Lou Hersh: Stefan: I'm not convinced cultured cells reflect the in vivo situation, particularly PC12 cells.
Stefan Mansourian: But we and others (Conrad Talbot, for example) have seen IDE in neurons by immunohistochemistry...
Douglas Feinstein: Lou, Stefan: IDE localization should be done in mice/rats; possibly developmentally, possibly in the mut[ant] APP transgenics.
Malcolm Leissring: Several zinc-metalloproteases that lack signal peptides are found on cell-membranes. Examples are IDE, NRDc, neurolysin, and thimet oligopeptidase, and perhaps several others…If it is a problem for IDE, it is a problem for all these zinc metalloproteases.
Lou Hersh: Malcolm, I seem to recall that the levels of secreted IDE are very low.
Sylvain Lesne: We see a 2-3-fold increase of Ab accumulation in primary cultured neurons from tPA-/- mice (compared to WT). The effect was reversed by adding tPA in tPA deficient neurons.
Steven Estus: Sylvain, that's amazing. Do you have to add exogenous plasminogen to see this effect?

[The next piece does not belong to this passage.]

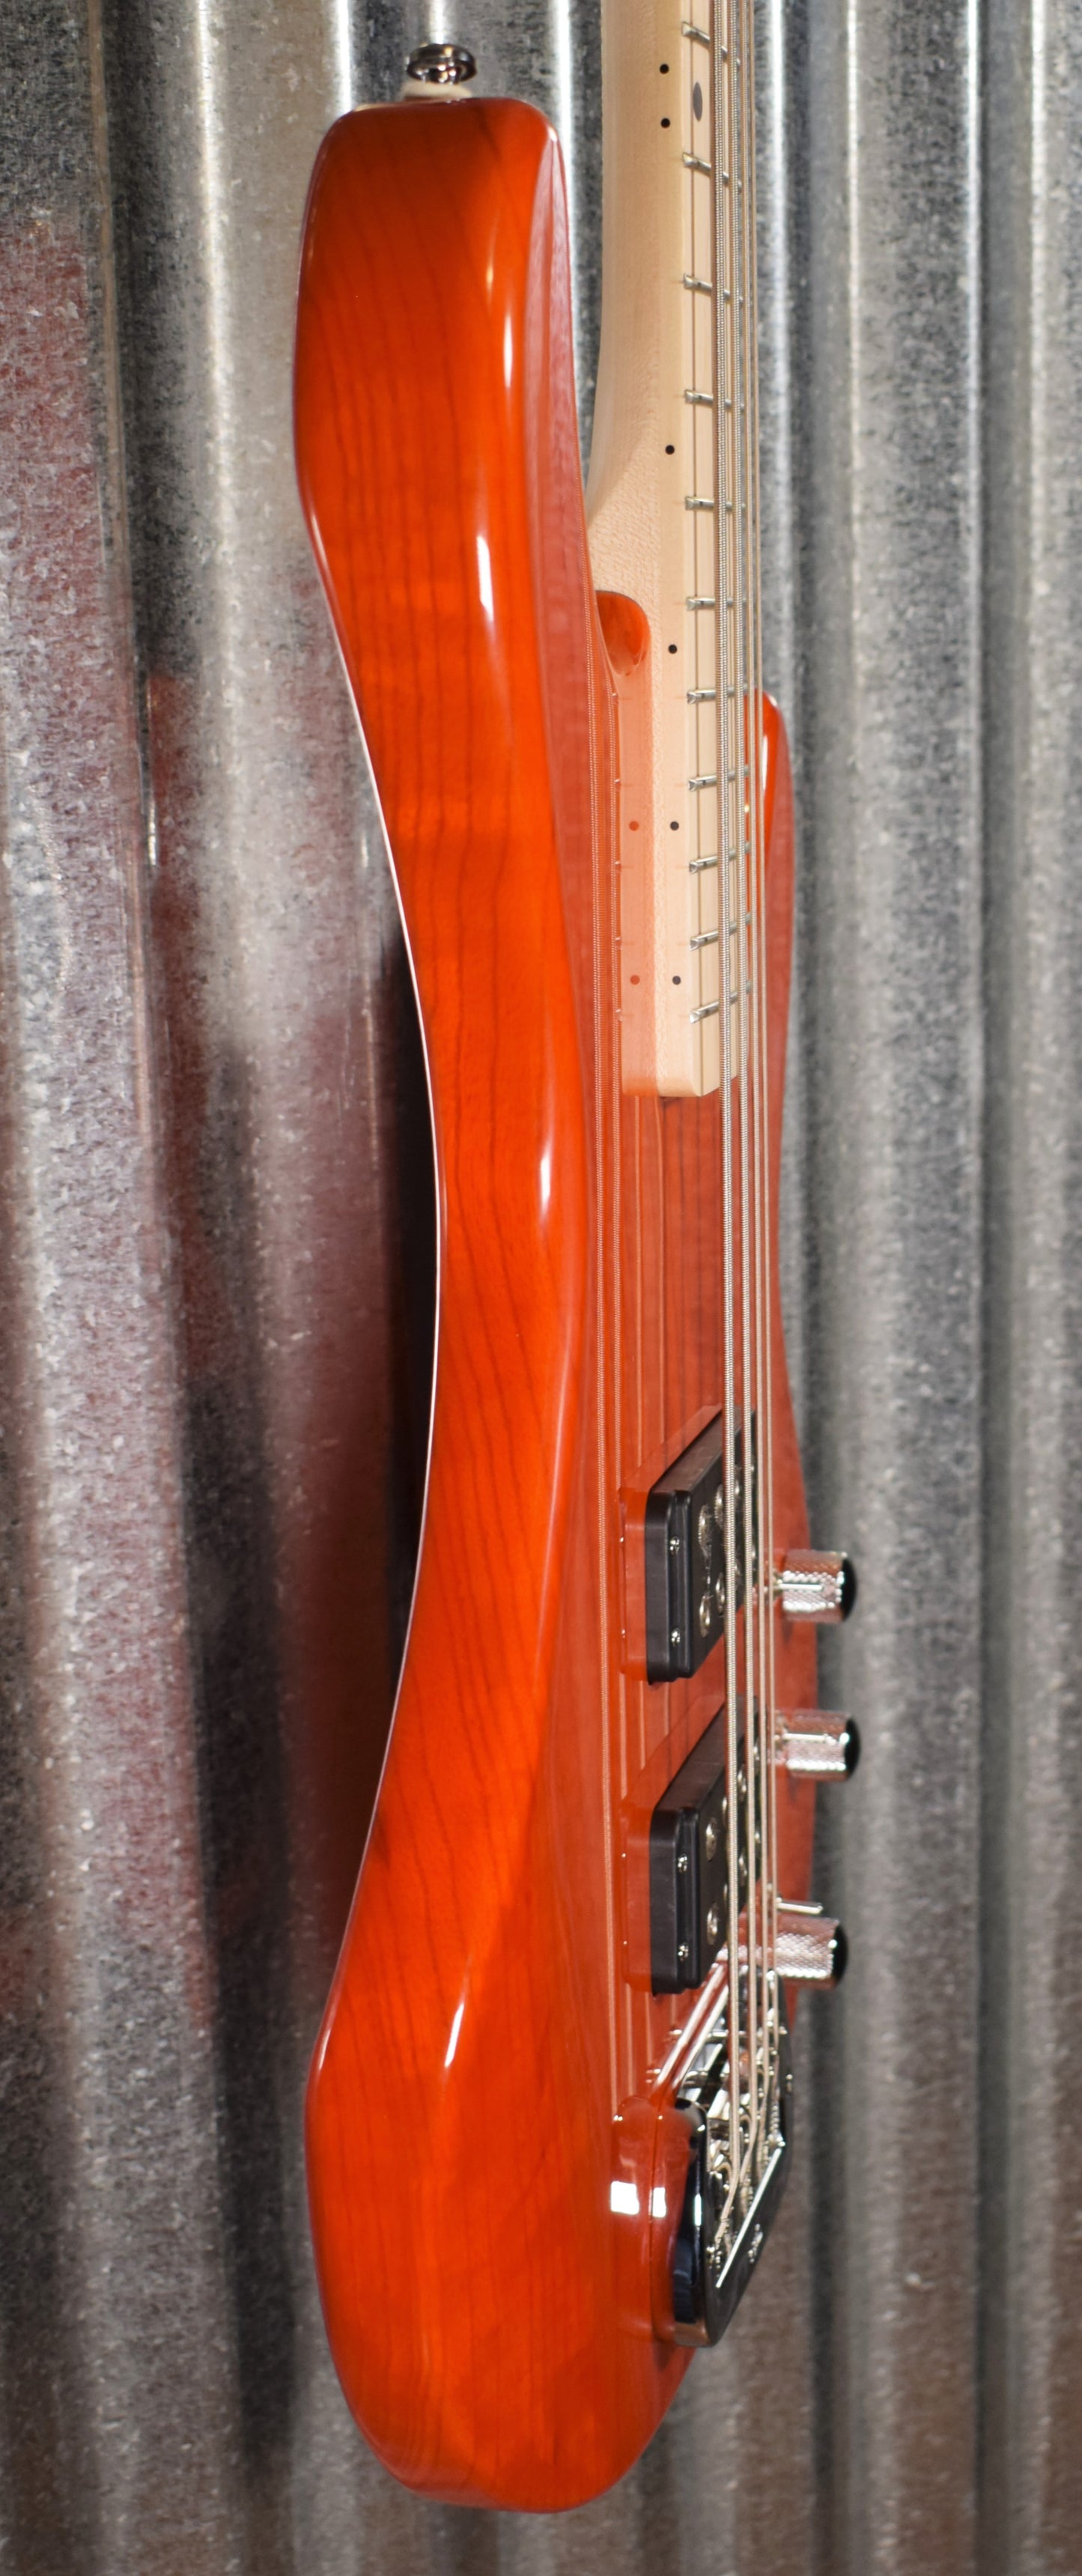 G&L Tribute L-2000 Clear Orange 4 String Bass L2000 & Case #2966 Demo

Sylvain Lesne: No, we did not add exogenous plasminogen into the culture media of our cultured tPA-/- neurons. We also confirmed the requirement of plasmin to let this occur by blocking the effect with a2AP. alpha2-antiplasmin(a2AP).
Steven Estus: Sylvain, perhaps you and I are the only ones on this particular thread, but have you had a chance to look at cellular Ab in this paradigm?

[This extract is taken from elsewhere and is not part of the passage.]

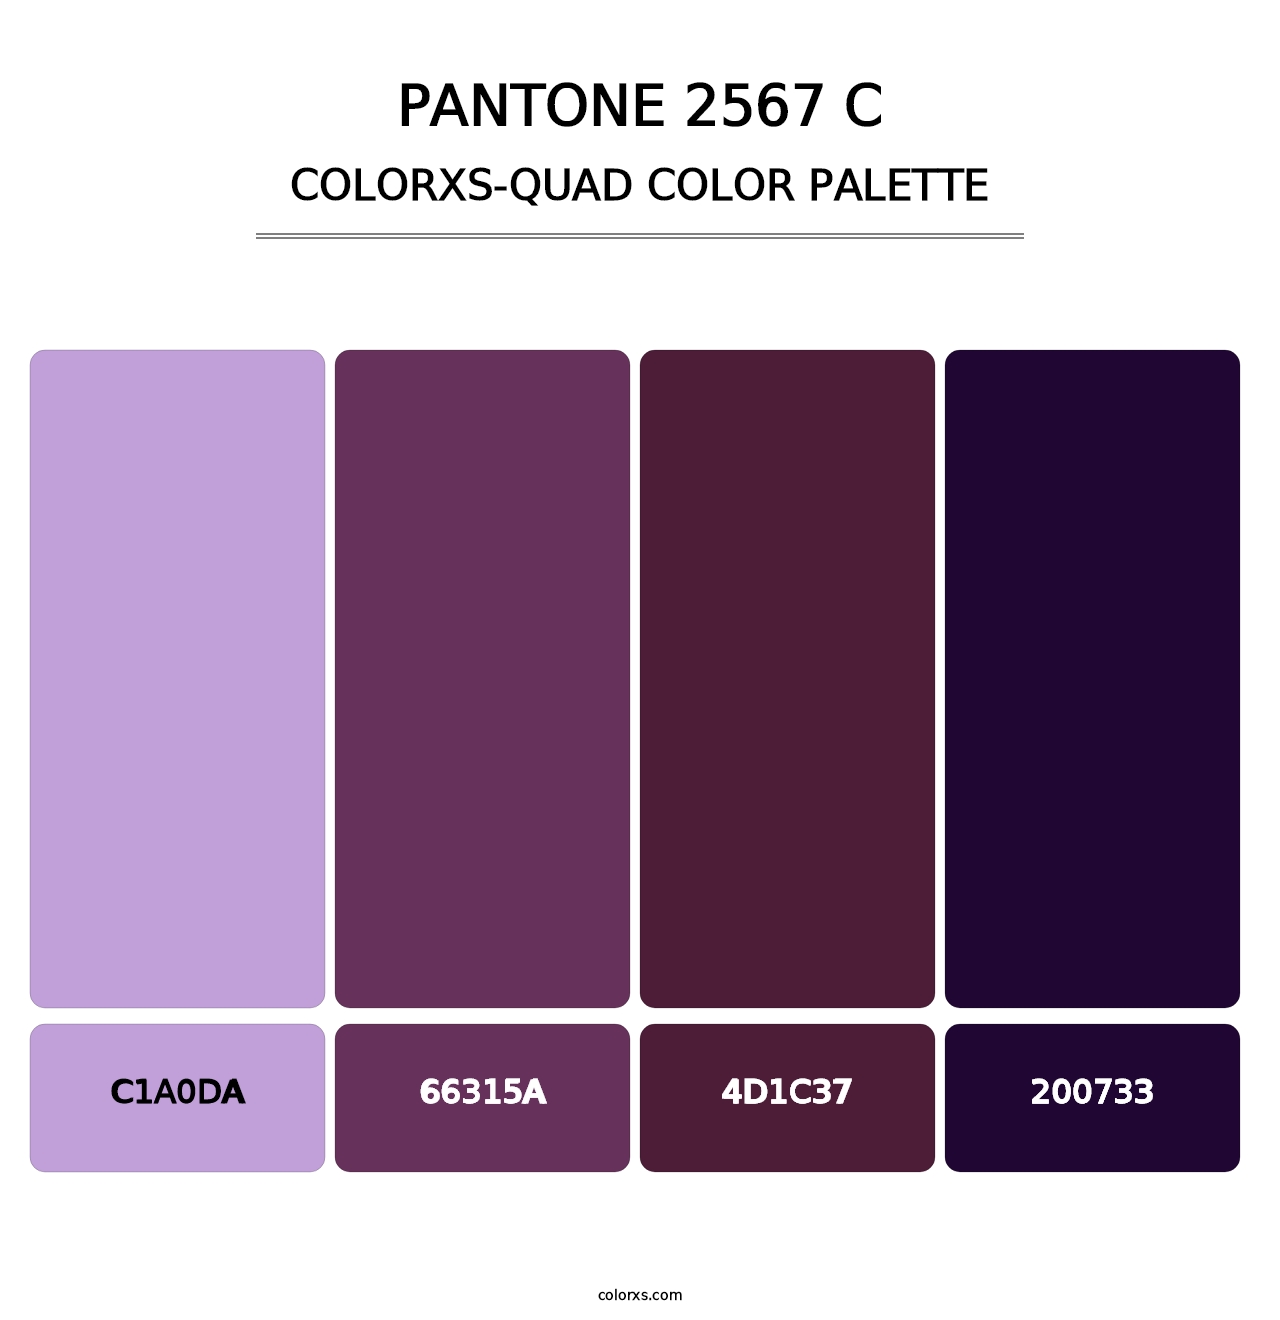 PANTONE 2567 C - Colorxs Quad Palette

Sylvain Lesne: This is a point I want now to look at.
Steven Estus: Sylvain, our data are not necessarily contradictory, in that we are looking at the tPA/Hsiao mice. Have you looked at APP transgenic animals?
Sylvain Lesne: We use the PD-APP mice crossed with our tPA-/- or plasmin-/- mice.
Steven Estus: Sylvain, I misunderstood. Has all of your work been in the PD-APPs?
Sylvain Lesne: Not at all, we used single transgenic animals and we are now using bigenic mice to test whether the lack of tPA would potentiate/exacerbate Ab deposition.
Sylvain Lesne: Professor Estus, did you observe any changes in Ab loads in your bigenic mice (tPA-Tg2576)as compared to same-age Tg2576 mice?
Steven Estus: We observed decreased Ab burden as quantified by ELISA.
Claudia Almeida: Where is Ab accumulating, extracellularly?
Gabrielle Strobel: Claudia, primarily extracellularly but that is in flux somewhat. Increasingly, intracellular Ab seems to be detected inside neurons. Gunnar Gouras had a presentation in Stockholm about age-related increases of intracellular Ab42 in AD-vulnerable neurons. What does this mean for our topic today. Anyone?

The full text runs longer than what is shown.